Fitch Ratings-Hong Kong/London-19 June 2017: The revision to rules applying to South Africa's mining sector supports our view that the direction of economic policy has changed following March's cabinet reshuffle, Fitch Ratings says. It indicates that the government is prioritising radical transformation even if this leads to weakening of the business climate and could reduce trend growth.
The new Mining Charter announced last week will require mining companies to raise their black economic empowerment (BEE) ownership slightly, to 30% from 26%, pay 1% of turnover to BEE owners (before any dividends) and meet tough targets for procurement from local and black-owned companies.

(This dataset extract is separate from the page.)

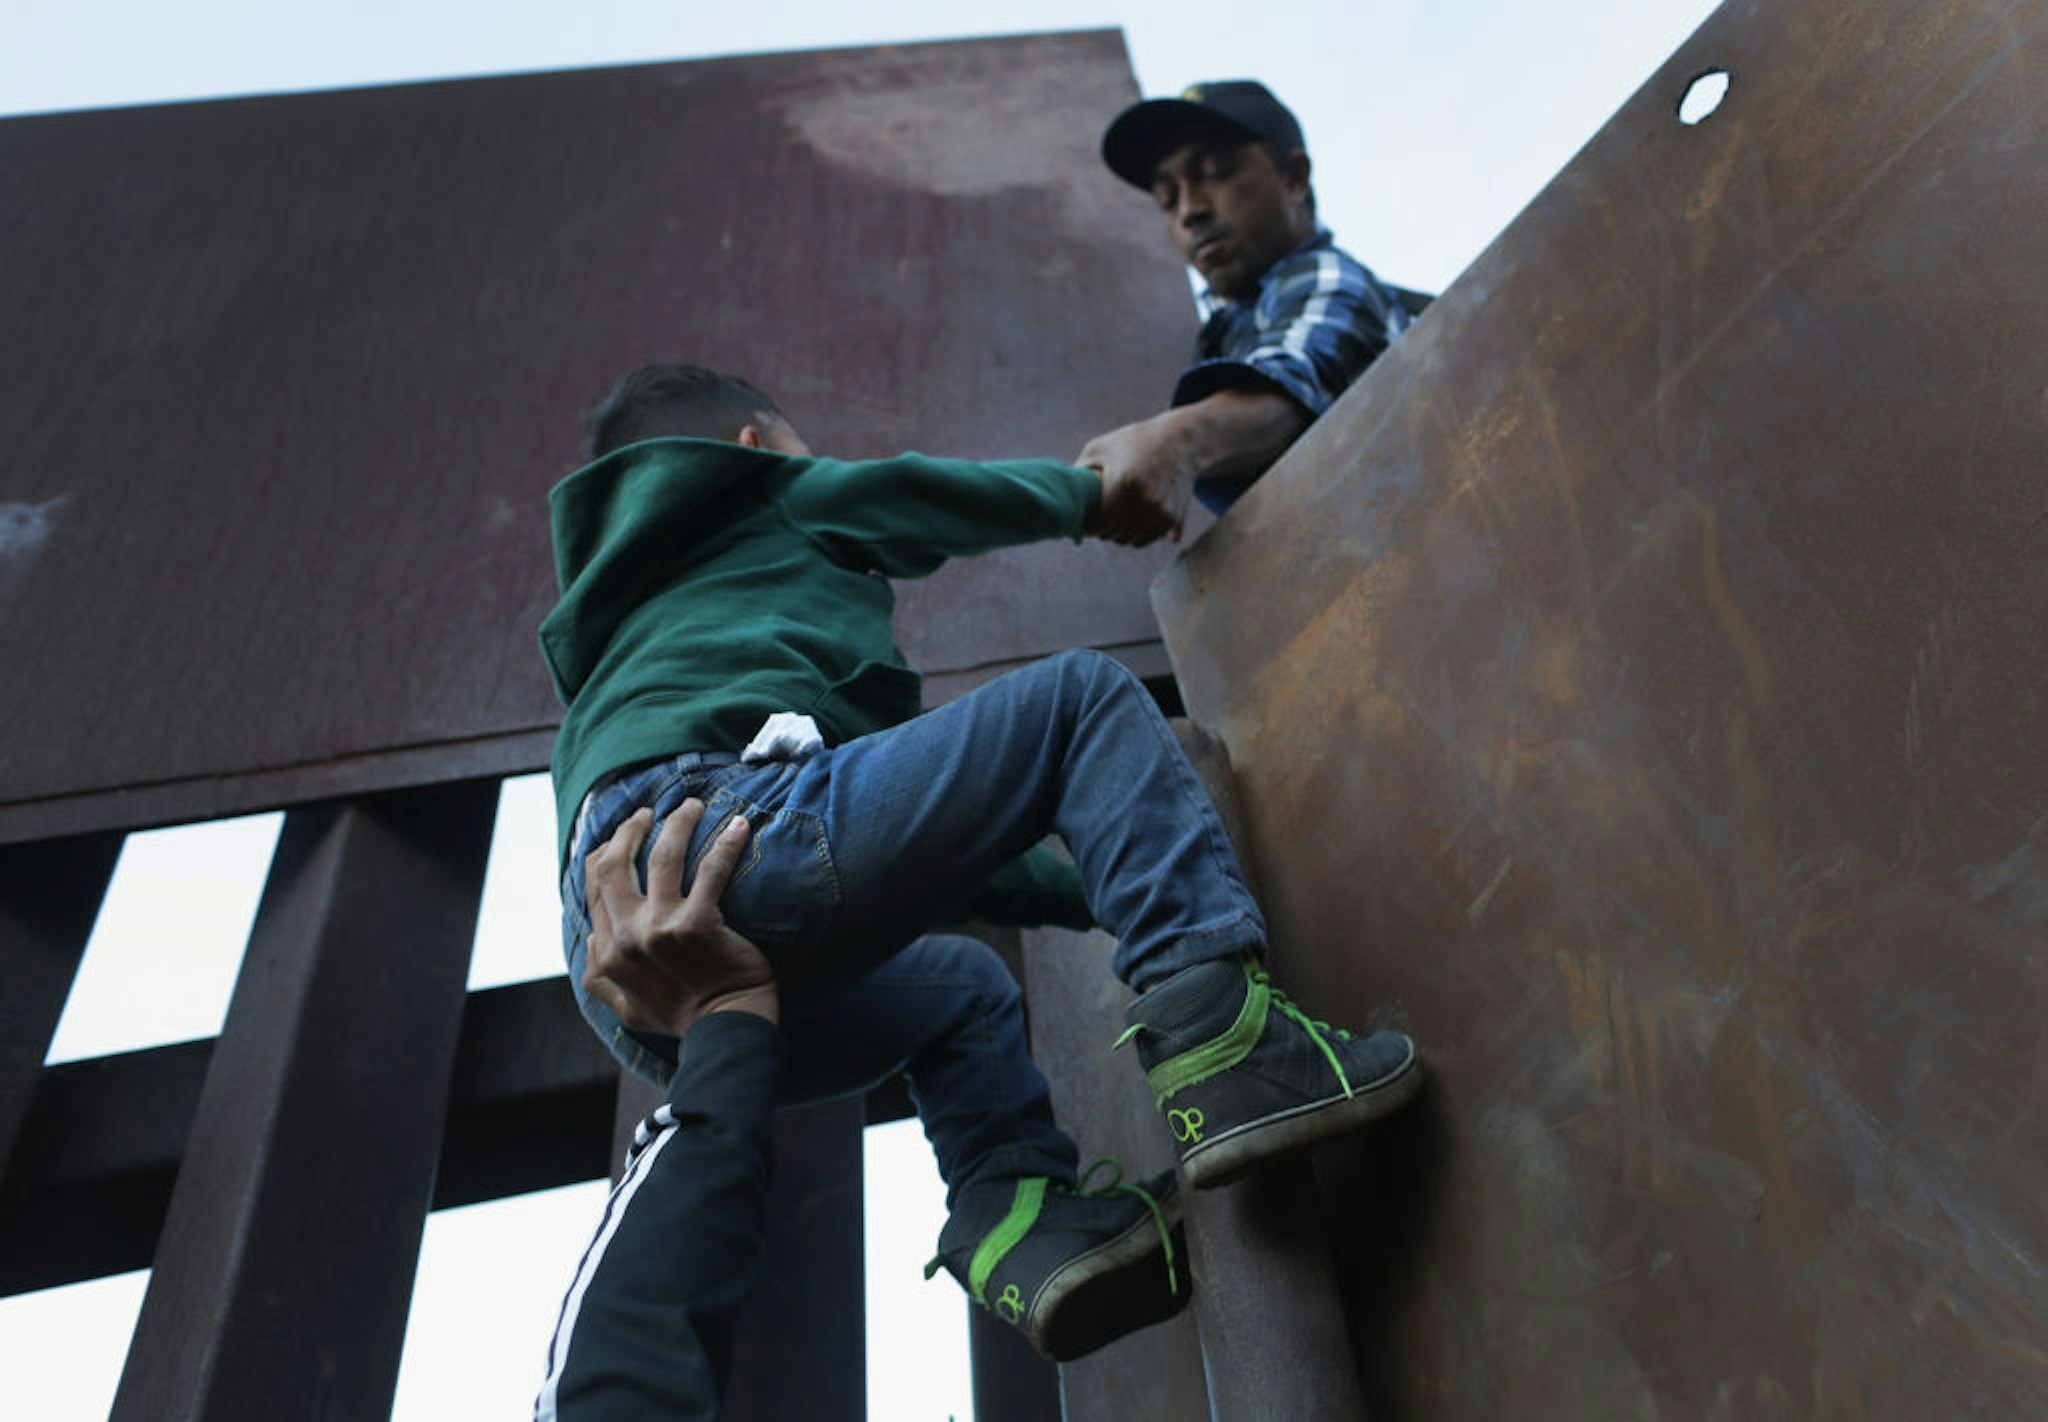 TIJUANA, MEXICO - DECEMBER 02: A boy is hoisted by fellow members of the migrant caravan over the U.S.-Mexico border fence on December 2, 2018 from Tijuana, Mexico. Numerous members of the caravan were able to cross over from Tijuana to San Diego and were quickly taken into custody by U.S. Border Patrol agents. Most had planned to request political asylum in the United States after traveling more than 6 weeks from Central America. (Photo by John Moore/Getty Images)

BEE is a long-standing feature of South African economic policy, but we think the new charter is the result of a more radical approach. Uncertainty about final outcomes, the implications on returns for existing shareholders of the new provisions, and the challenges of meeting procurement targets will continue to constrain investment in the mining sector, which accounts for about 7% of GDP.
Mining investment has already been hit by the fall in commodity prices, relatively high costs and uncertainty about the new rules. The charter may also weaken business and investor sentiment in other sectors by raising fears of more onerous policies. Business confidence in the second quarter fell to the lowest level since the financial crisis, likely weakened by political developments.

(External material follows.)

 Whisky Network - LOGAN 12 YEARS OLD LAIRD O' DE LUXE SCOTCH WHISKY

Weaker trend GDP growth than ratings peers, partly due to a deteriorating investment climate, is a key sovereign rating weakness for South Africa. A further weakening in trend growth would make fiscal consolidation more difficult. The authorities aim to reduce the consolidated government budget deficit to 3.1% of GDP in 2017/2018 from 3.4% the previous year but these targets look ambitious in the face of under-performing growth.
Finance Minister Malusi Gigaba, appointed in March's reshuffle, has indicated that further fiscal consolidation measures will be forthcoming. However, in Fitch's view stabilising public finances remains conditional on a recovery in growth. First-quarter GDP contracted by 0.7% quarter-on-quarter in seasonally adjusted annualised terms, the second consecutive quarterly decline, reflecting not just structural weakness but also strong cyclical headwinds. In our latest Global Economic Outlook, published today, we have lowered our real GDP growth forecasts to 0.6% from 1.2% for 2017 and to 1.6% from 2.1% for 2018.
Fitch downgraded South Africa's sovereign rating to 'BB+'/Stable in April, reflecting our view that political events, including the cabinet reshuffle, would weaken standards of governance and public finances. We affirmed the rating on 1 June.